The expected output is the line with "Loaf of cranberry" plus all lines after it to the end of the material below, reproduced exactly, with pictures omitted and nothing else included.

> [The data]
○ ○ ○ ○ ○ ○ ○
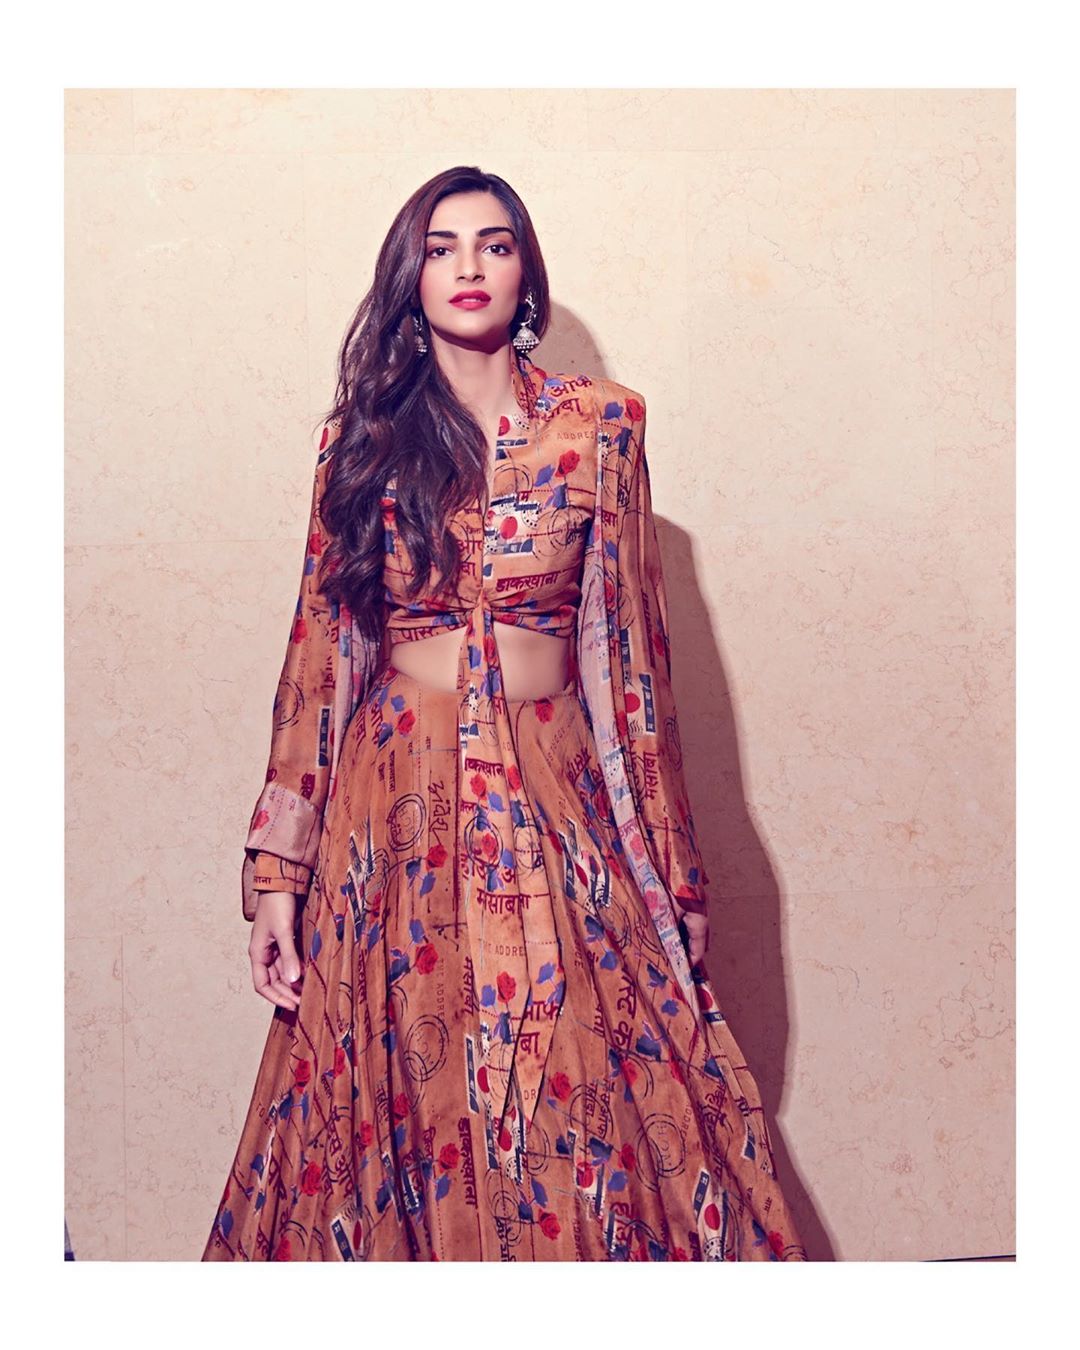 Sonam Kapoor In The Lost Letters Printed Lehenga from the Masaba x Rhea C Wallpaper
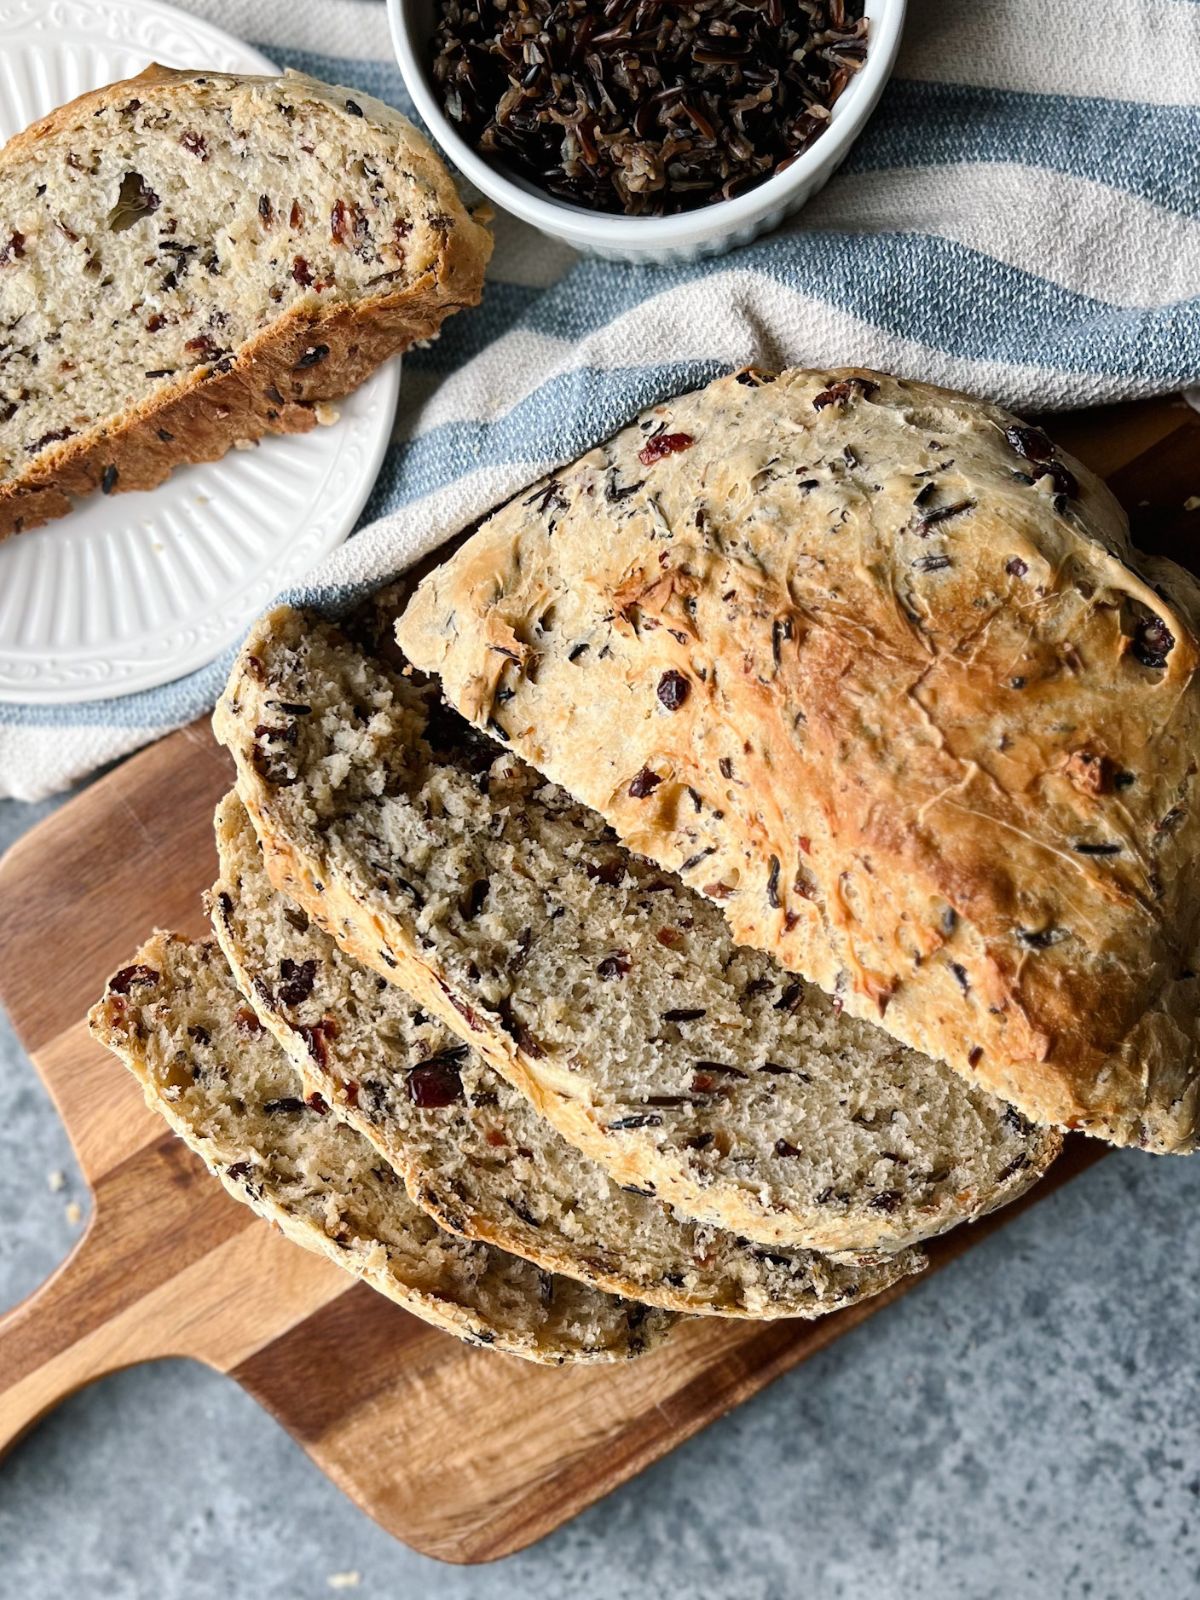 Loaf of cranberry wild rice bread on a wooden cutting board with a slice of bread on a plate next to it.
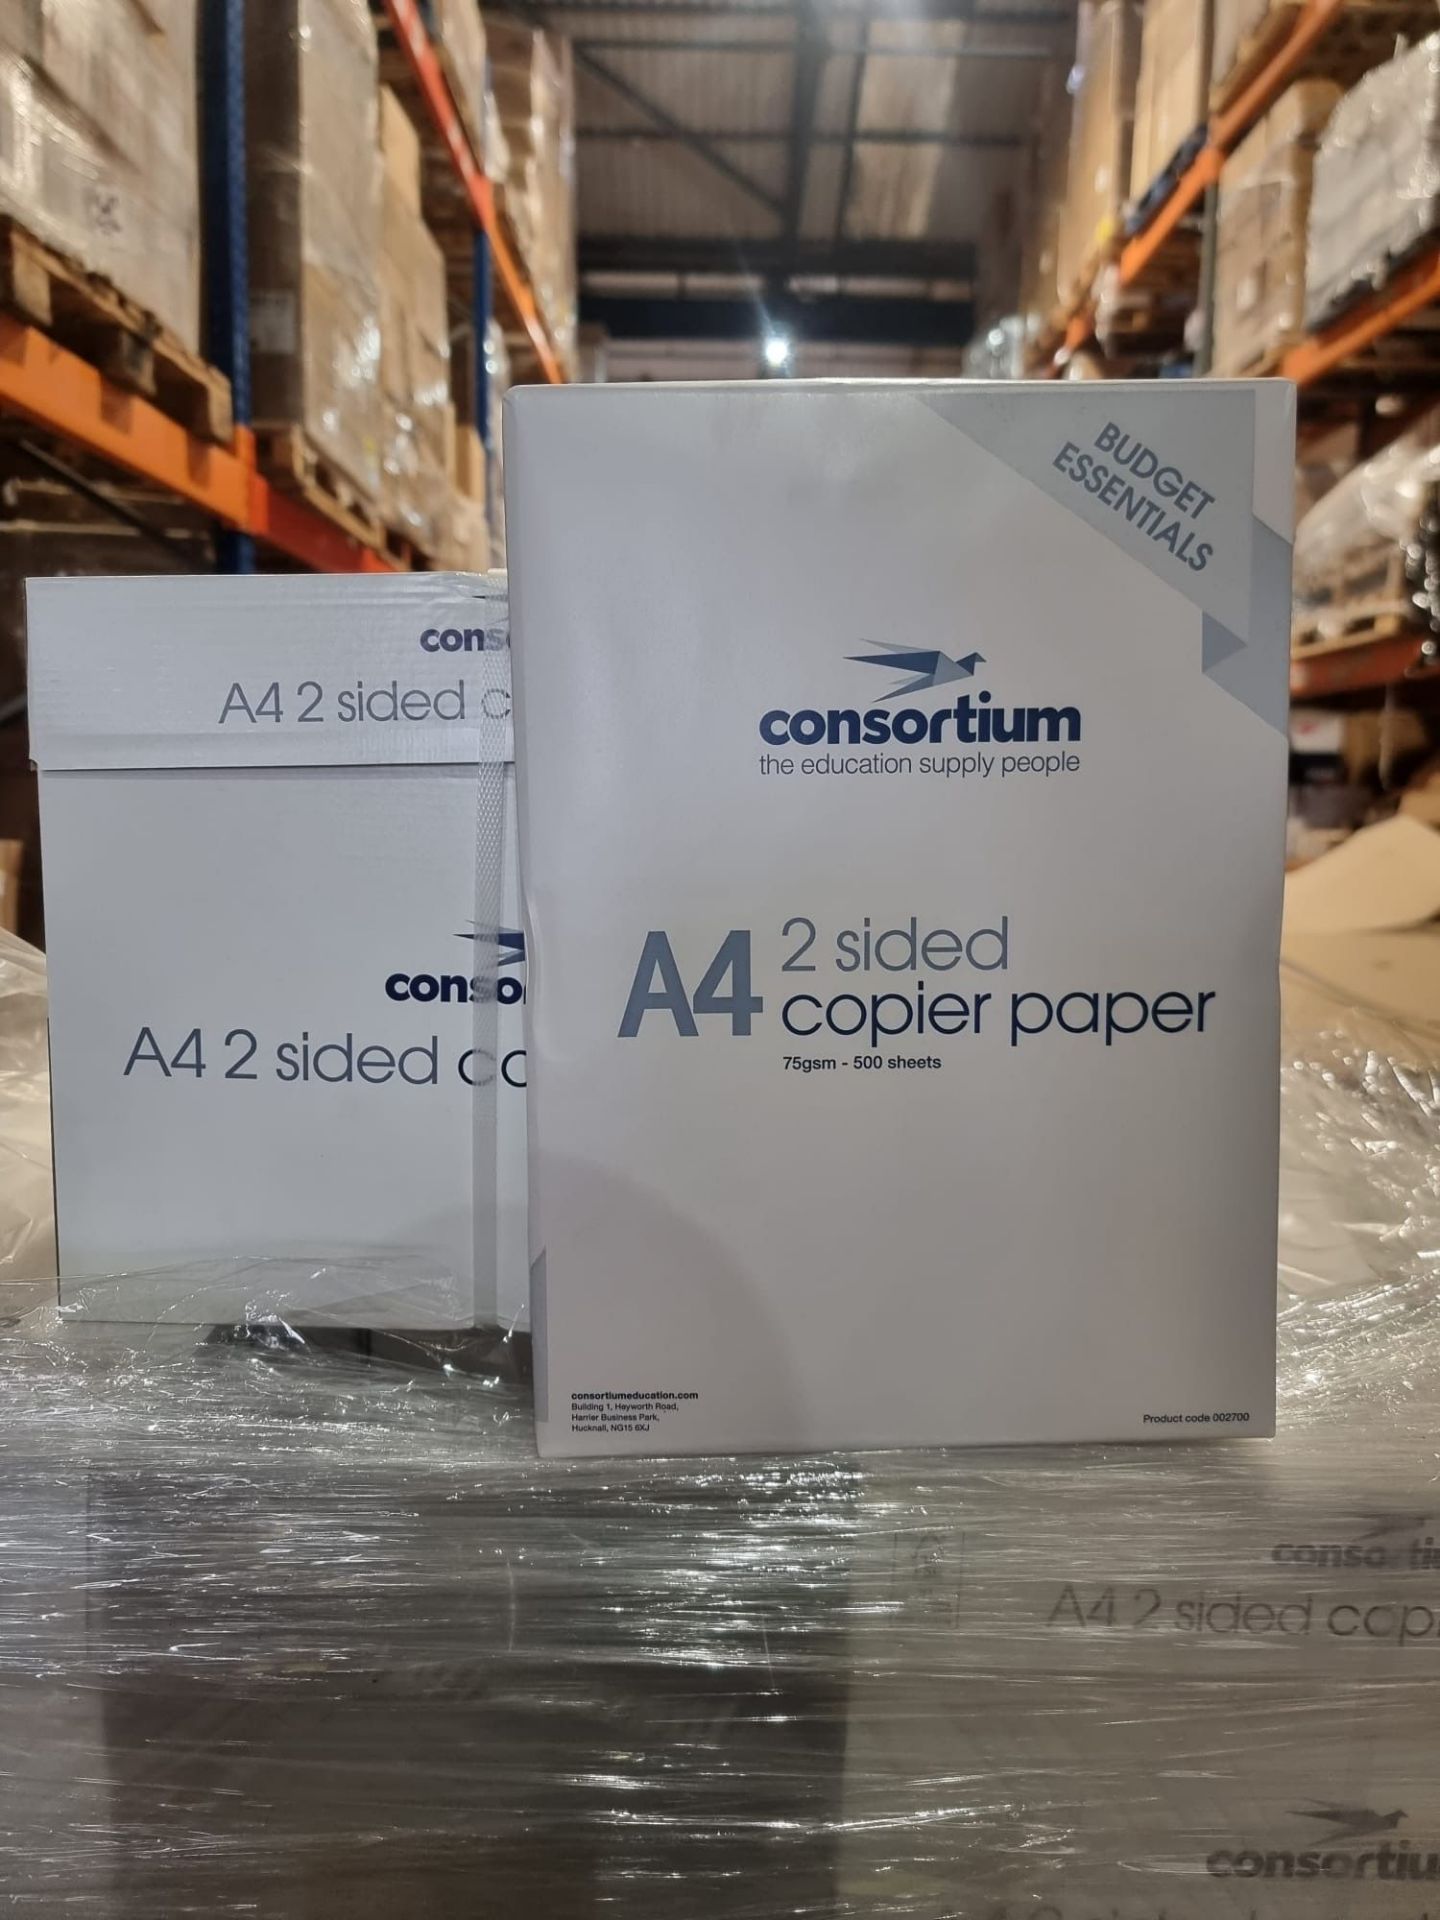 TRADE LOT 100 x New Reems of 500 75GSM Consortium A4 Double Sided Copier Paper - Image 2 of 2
○ ○ ○ ○ ○ ○ ○
> [Answer space]
 Loaf of cranberry wild rice bread on a wooden cutting board with a slice of bread on a plate next to it.
 TRADE LOT 100 x New Reems of 500 75GSM Consortium A4 Double Sided Copier Paper - Image 2 of 2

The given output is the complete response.